# Moma said frame this



## Brink (Nov 23, 2019)

She needed a bunch of frames for her work.

Reactions: Like 8 | Way Cool 3


----------



## Brink (Nov 23, 2019)

Got lots of hand tool work

Reactions: Like 4 | Way Cool 1


----------



## Brink (Nov 23, 2019)

No two are alike

Reactions: Like 2 | Way Cool 6


----------



## Brink (Nov 23, 2019)

Moma da Brink’s paint with diamond pictures, and our loveseat

Reactions: Like 5 | Way Cool 8


----------



## Nature Man (Nov 24, 2019)

So very practical! What did you use to fasten the frame together? Chuck


----------



## Brink (Nov 24, 2019)

Nature Man said:


> So very practical! What did you use to fasten the frame together? Chuck



glue


----------



## DKMD (Nov 24, 2019)

Nice work on the frames and the paintings!

Reactions: Thank You! 1


----------



## Sprung (Nov 24, 2019)

Very nicely done, Brink!



Brink said:


> glue



Shoulda used pocket screws. Those are definitely going to fall apart. I give them a week. 10 days, tops.

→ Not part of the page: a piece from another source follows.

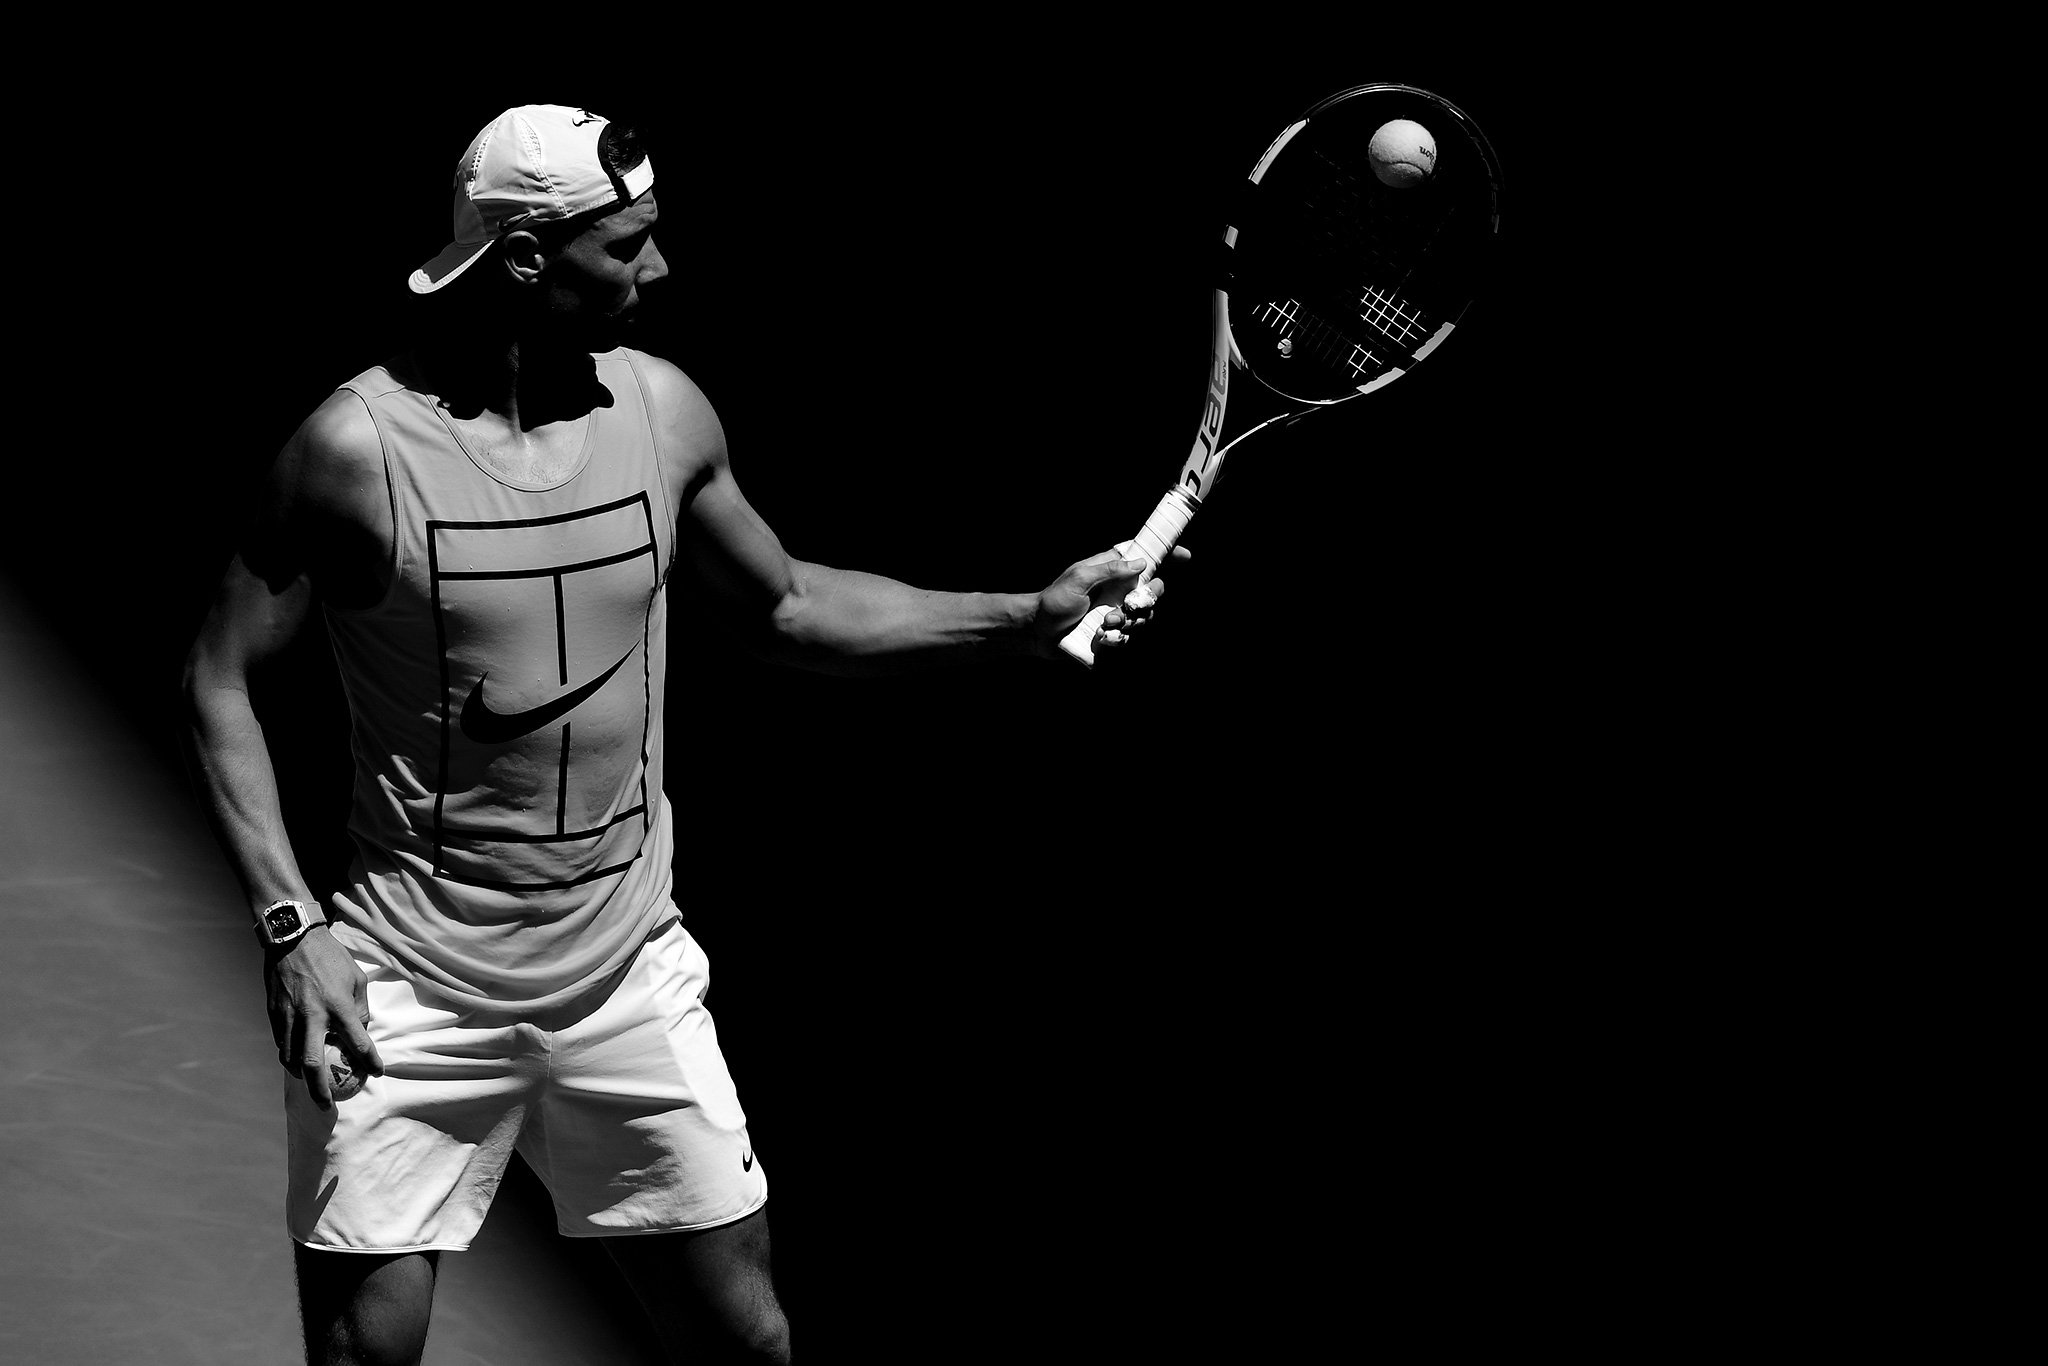 2017 Australian Open Draw: Rafael Nadal and Milos Raonic the same quarter – Rafael Nadal Fans
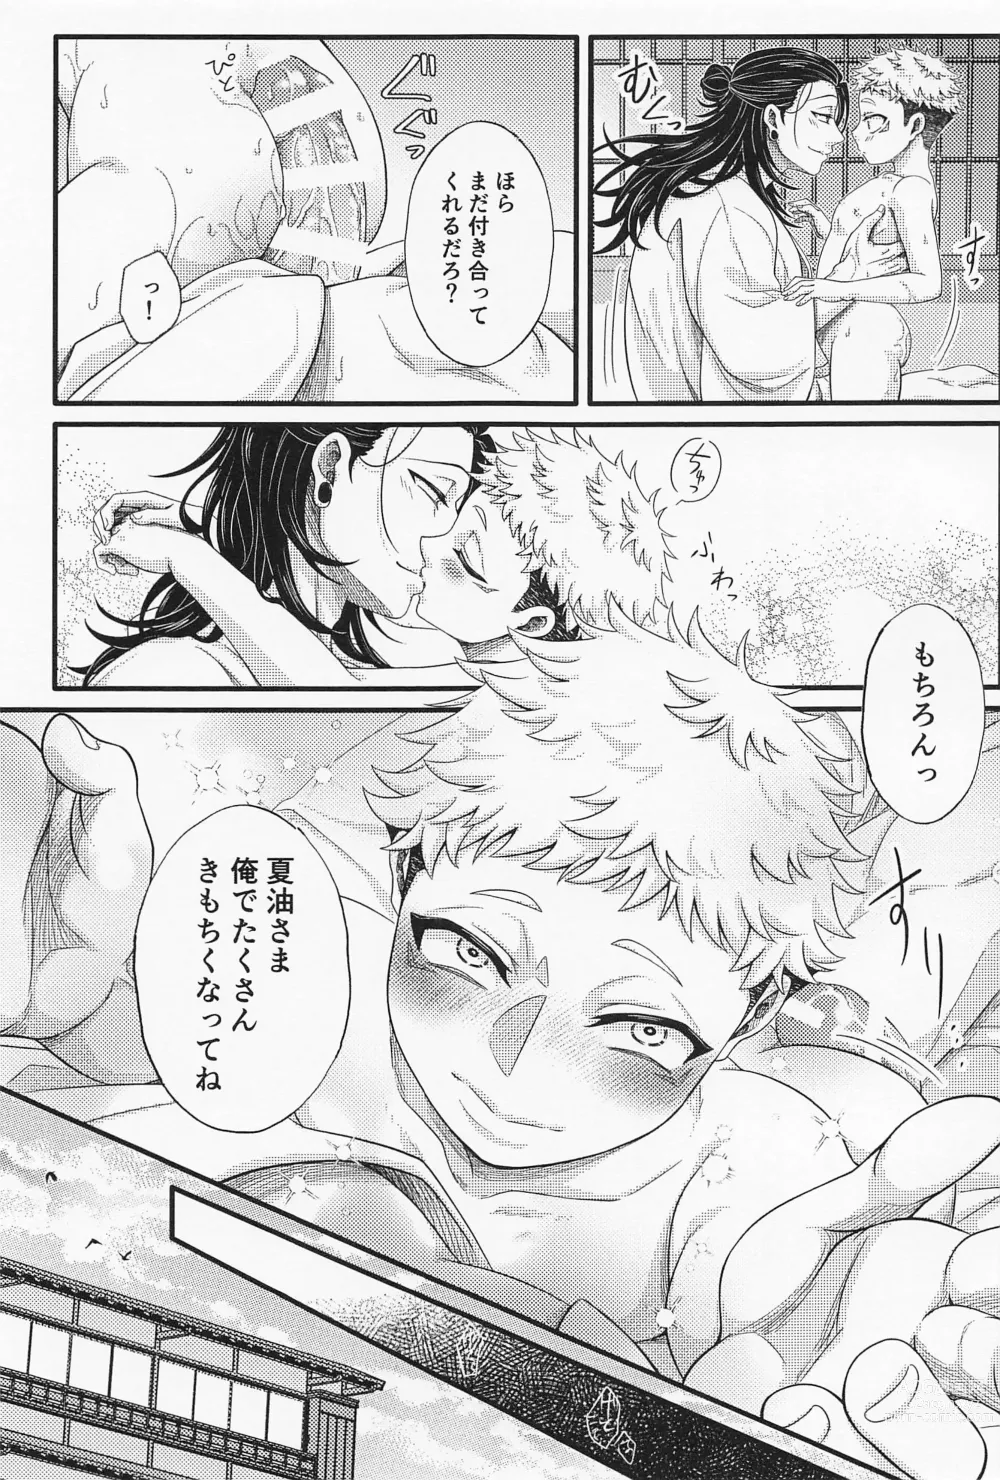 Page 16 of doujinshi Tamayura no.

Reactions: Like 1 | Thank You! 1 | Funny 2


----------



## CWS (Nov 24, 2019)

Brink said:


> She needed a bunch of frames for her work.
> 
> View attachment 174433


She does nice work

Reactions: Thank You! 1


----------



## Brink (Nov 24, 2019)

Sprung said:


> Very nicely done, Brink!
> 
> 
> 
> Shoulda used pocket screws. Those are definitely going to fall apart. I give them a week. 10 days, tops.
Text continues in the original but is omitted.